In a text from 2002, Andrea Fraser reflects on the Services working groups. “What did Services accomplish? Re-reading the proposal, what appears most obvious is what Services did not accomplish.” [6] The group neither drafted a contract nor established an association or lobby. Further, the operating mode of a practical service provision model was not made clear and thus its potential was stifled. The analogies between the working group and the aforementioned initiatives by the AWC and Seth Siegelaub cannot be dismissed. All projects started with high-flying and all-embracing ambitions, got entangled in grassroots questionnaires, hearings, and discussions, and ultimately ended up with a vast array of documentation material yet few results or practical tools.
However, Fraser ends her reflection on the project on a confident note, one that is particularly noteworthy in the context of the Künstlerhaus exhibition: “It [the Services working group] exists as a model for a forum which is, I believe, the condition of possibility for the accomplishment of these other aims.
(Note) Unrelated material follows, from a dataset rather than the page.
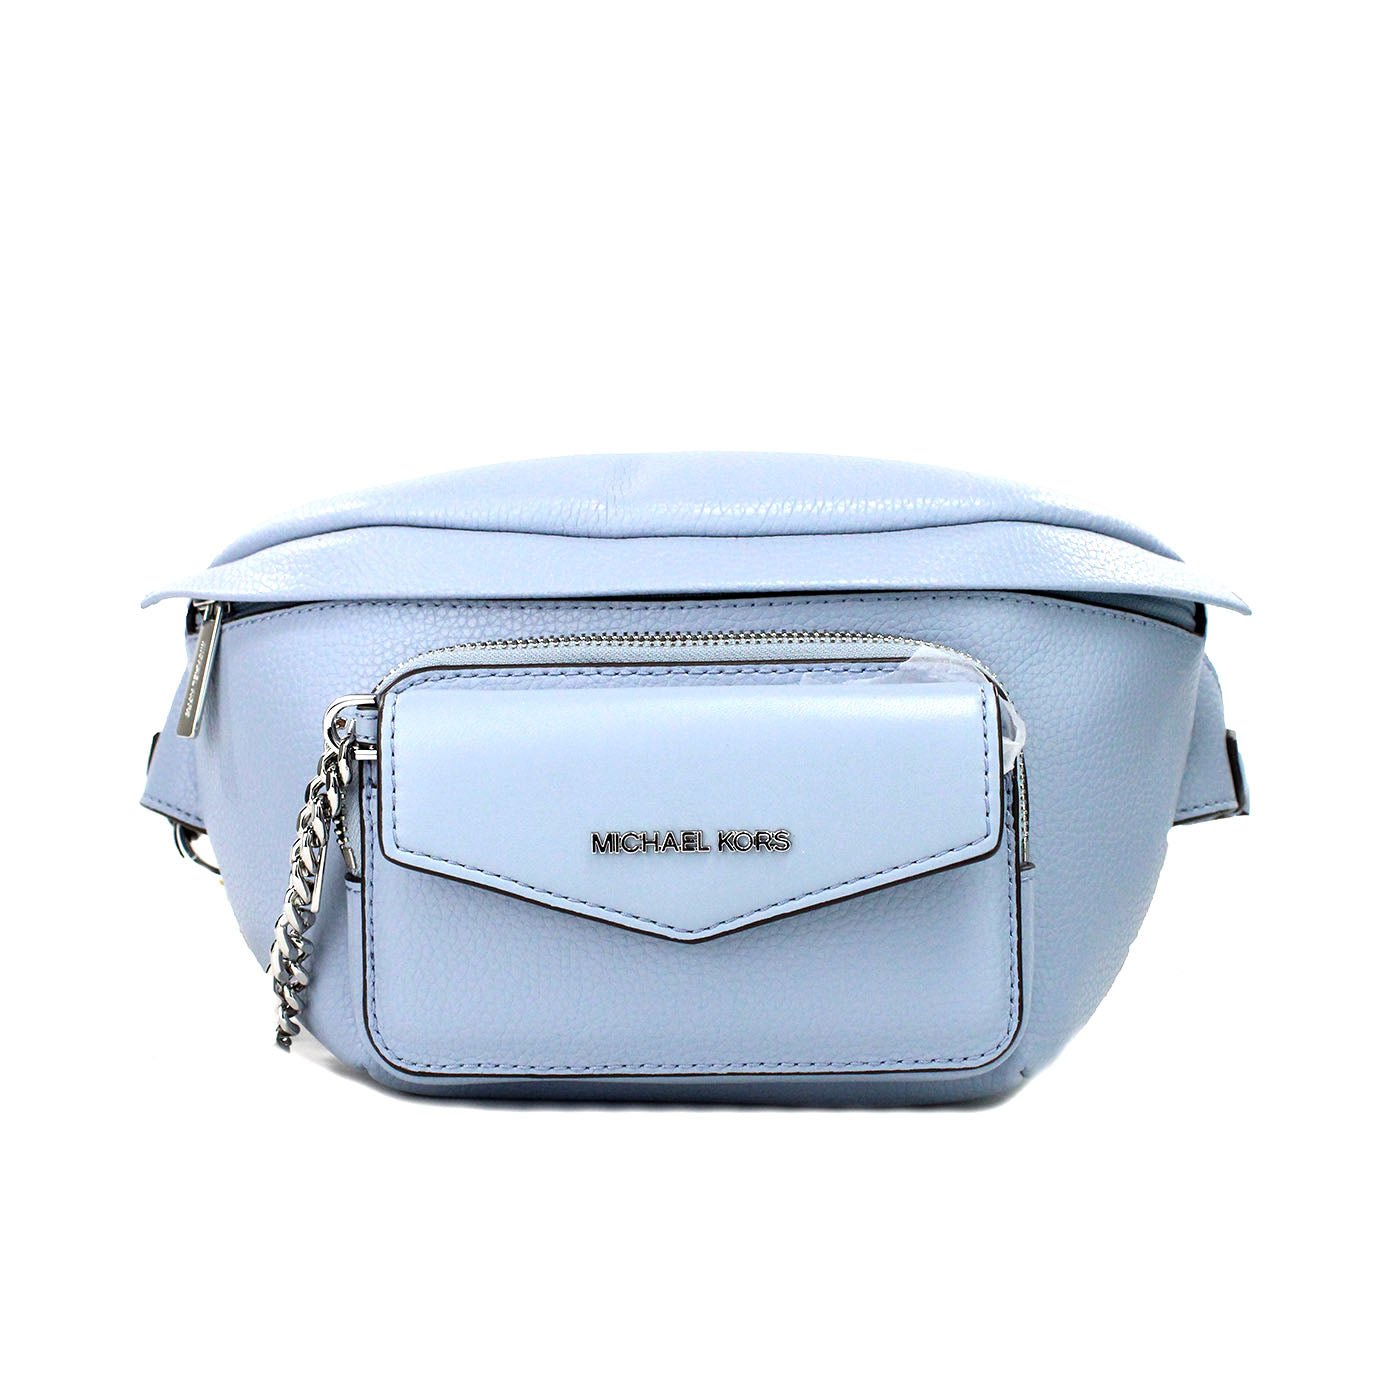 Fashionsarah.com Fashionsarah.com Michael Kors Maisie Large Pale Blue 2-n-1 Waistpack Card Case Fanny Pack Bag

In retrospect I would say that this could only ever have been its objective goal.” [7] Seemingly, the forum has just commenced in Stuttgart.
“Working Groups” at Künstlerhaus Stuttgart, March 15–December 19, 2020.
David Jenal is a writer based in Berlin. He studied Communications and Art History at UdK Berlin and the Courtauld Institute of Art.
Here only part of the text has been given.